◆ Task statement ◆
Below are records with pictures in them. Transcribe everything from the line containing "a red object" down to the line containing "a group of men", exactly, and leave the pictures behind.

◆ Provided information ◆

───

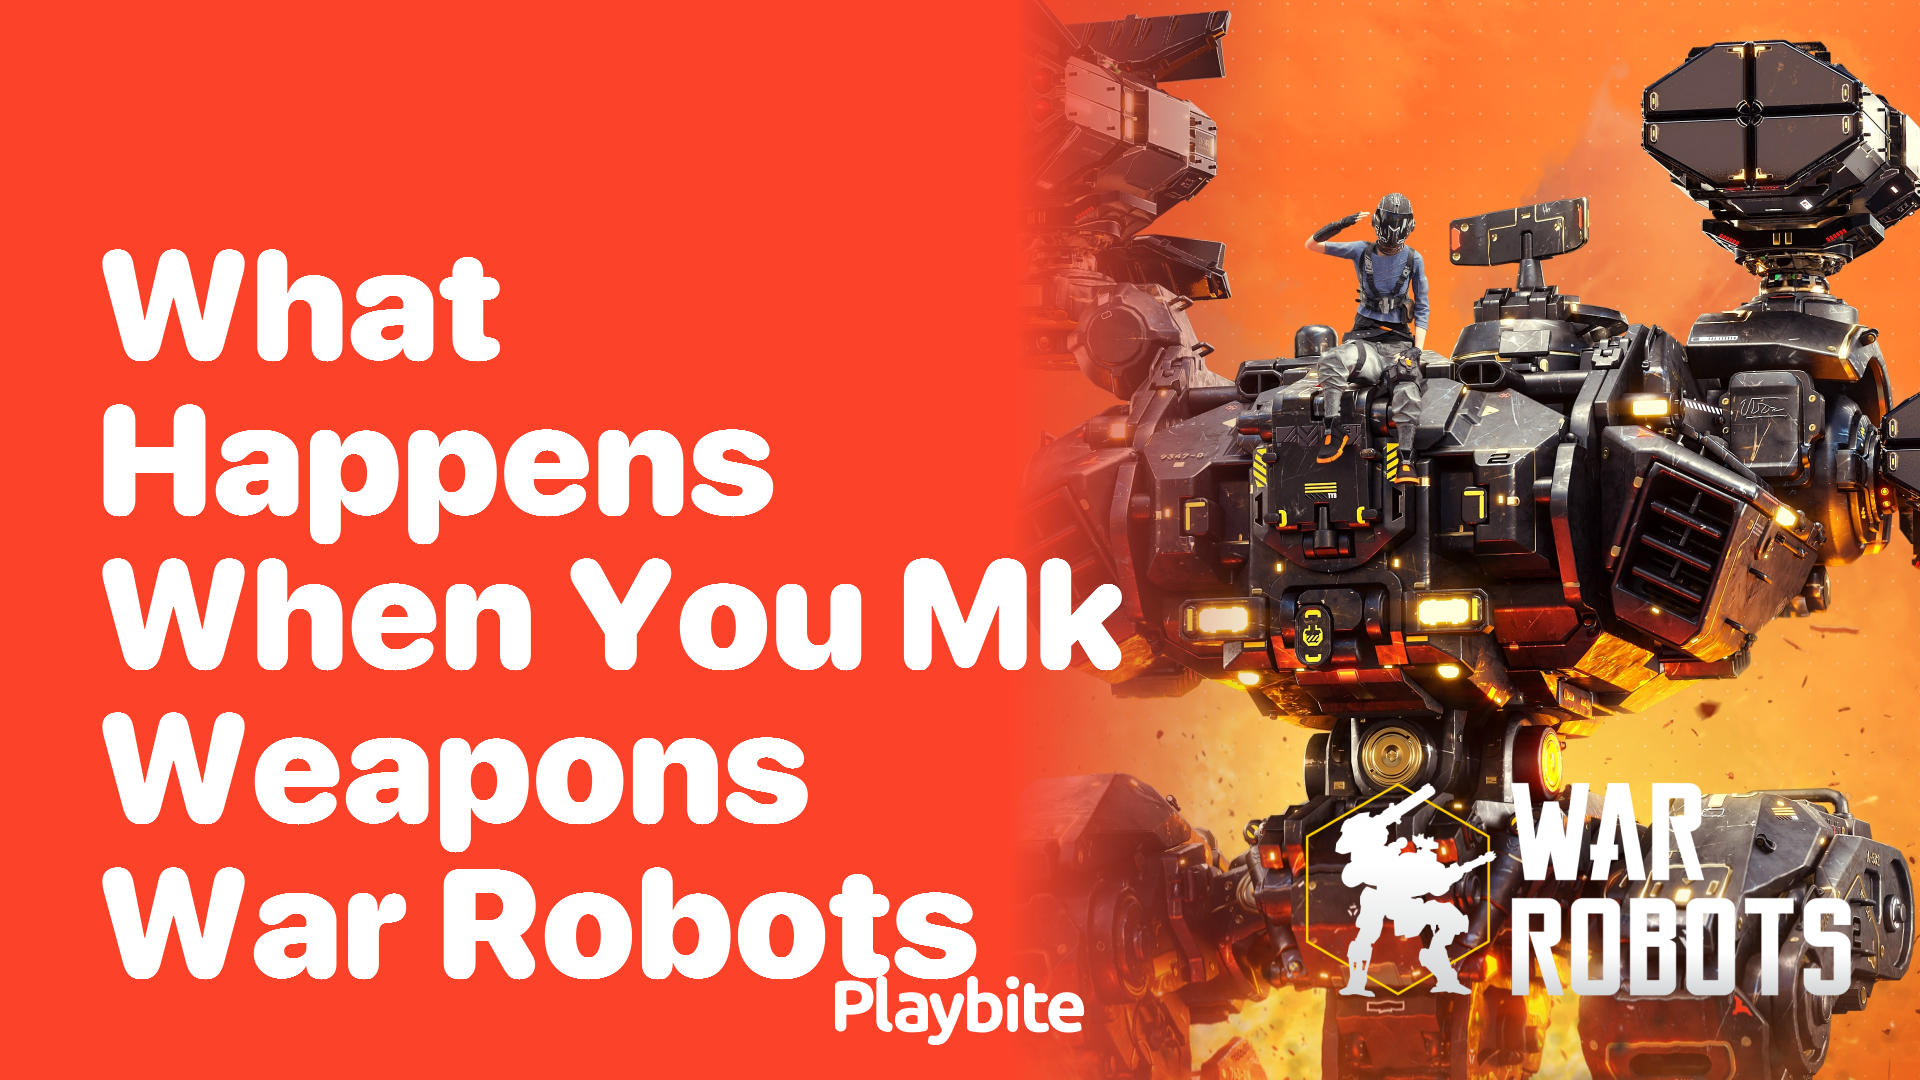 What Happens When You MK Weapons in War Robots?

───

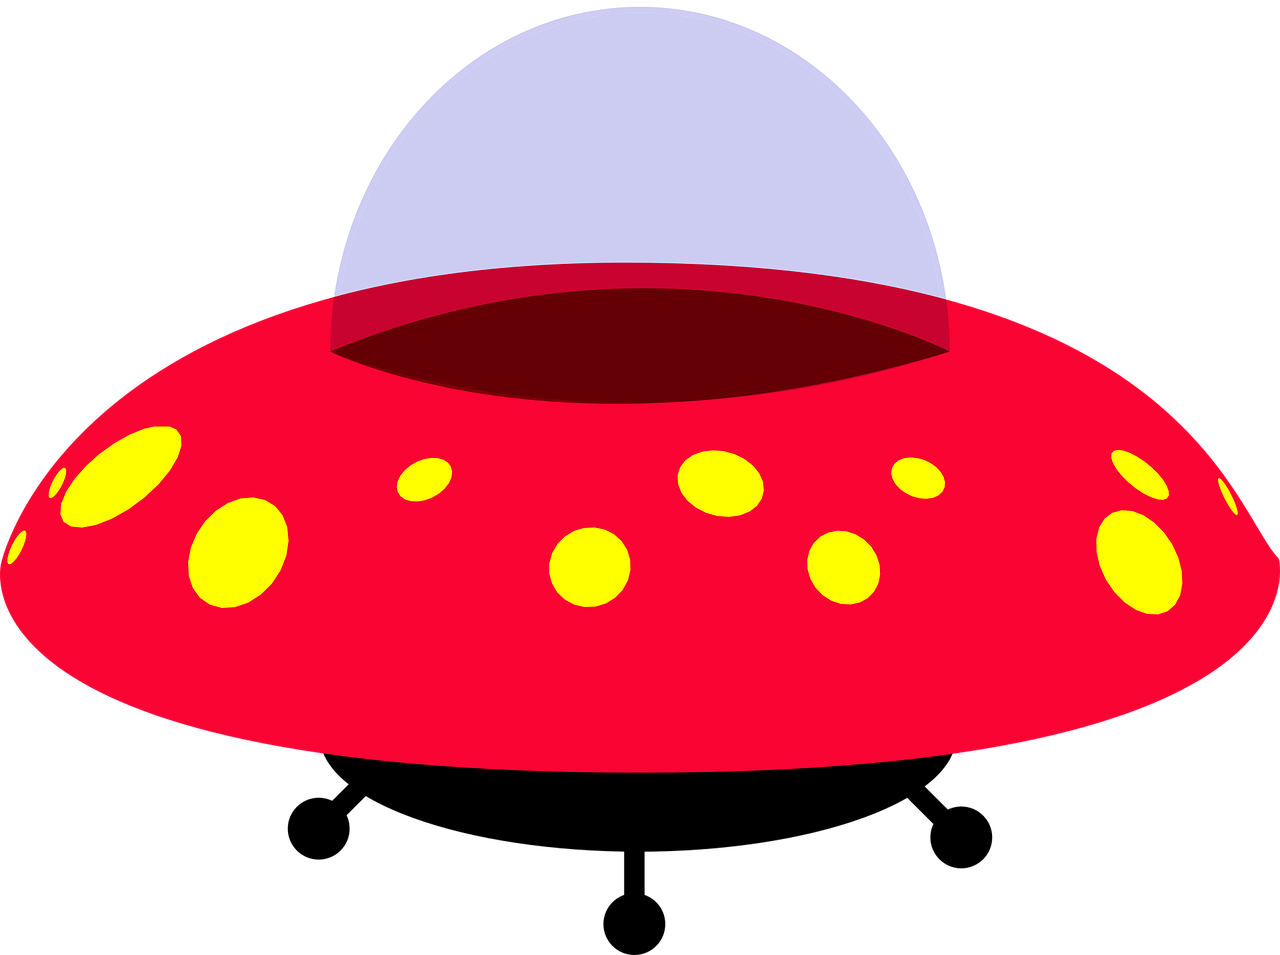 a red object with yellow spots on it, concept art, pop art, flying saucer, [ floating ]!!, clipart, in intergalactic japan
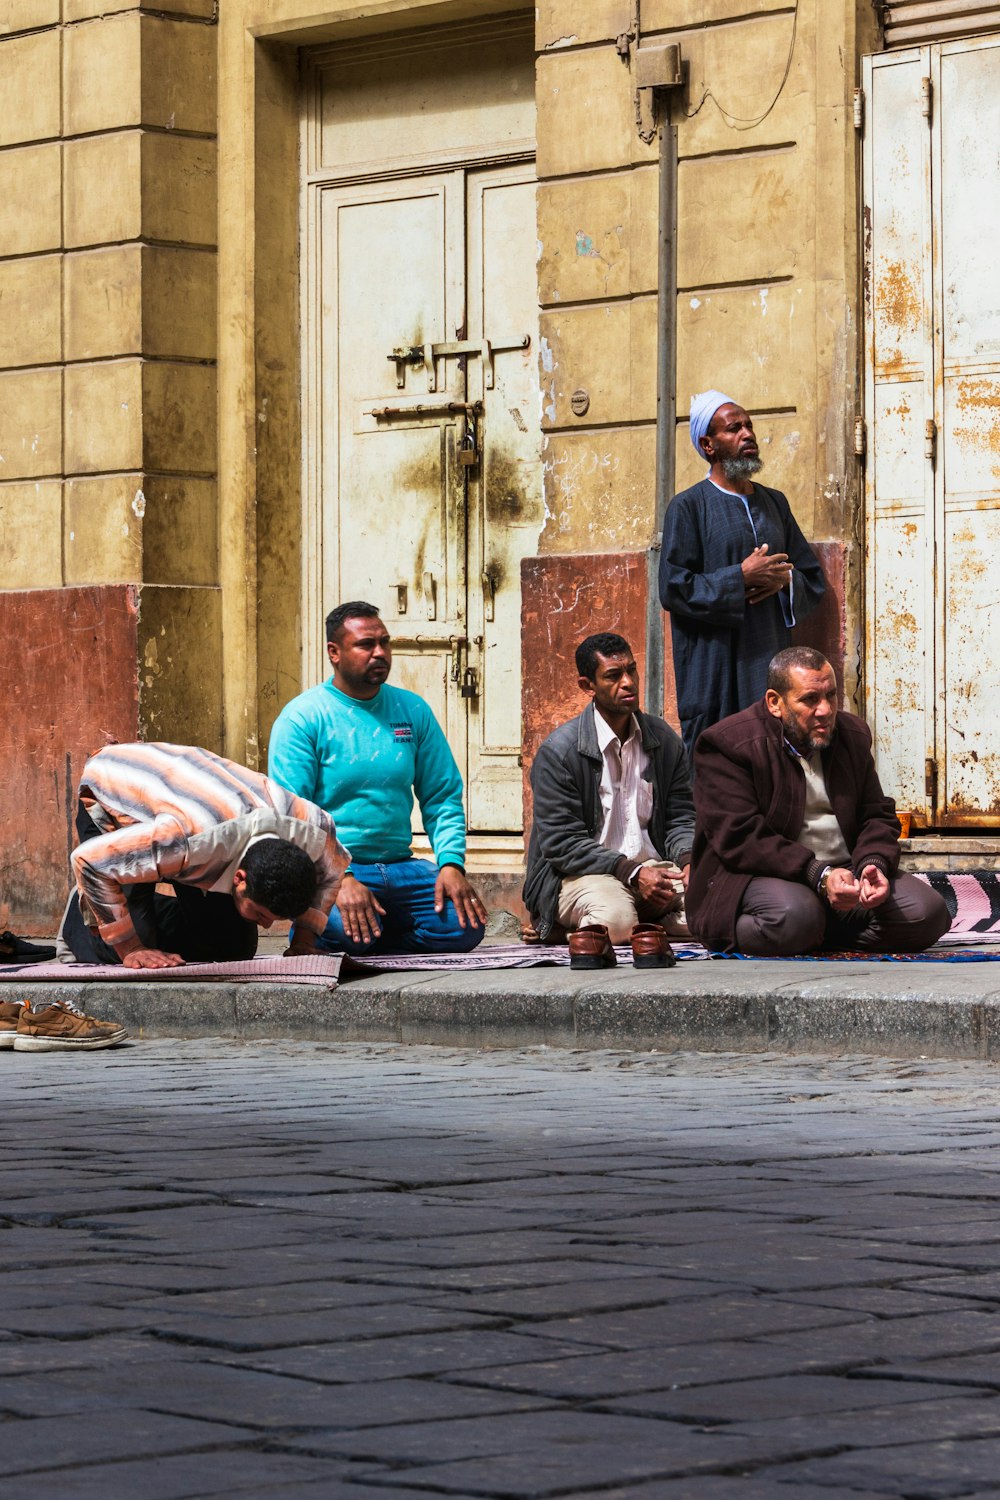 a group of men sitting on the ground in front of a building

───

◆ Answer ◆
 a red object with yellow spots on it, concept art, pop art, flying saucer, [ floating ]!!, clipart, in intergalactic japan
 a group of men sitting on the ground in front of a building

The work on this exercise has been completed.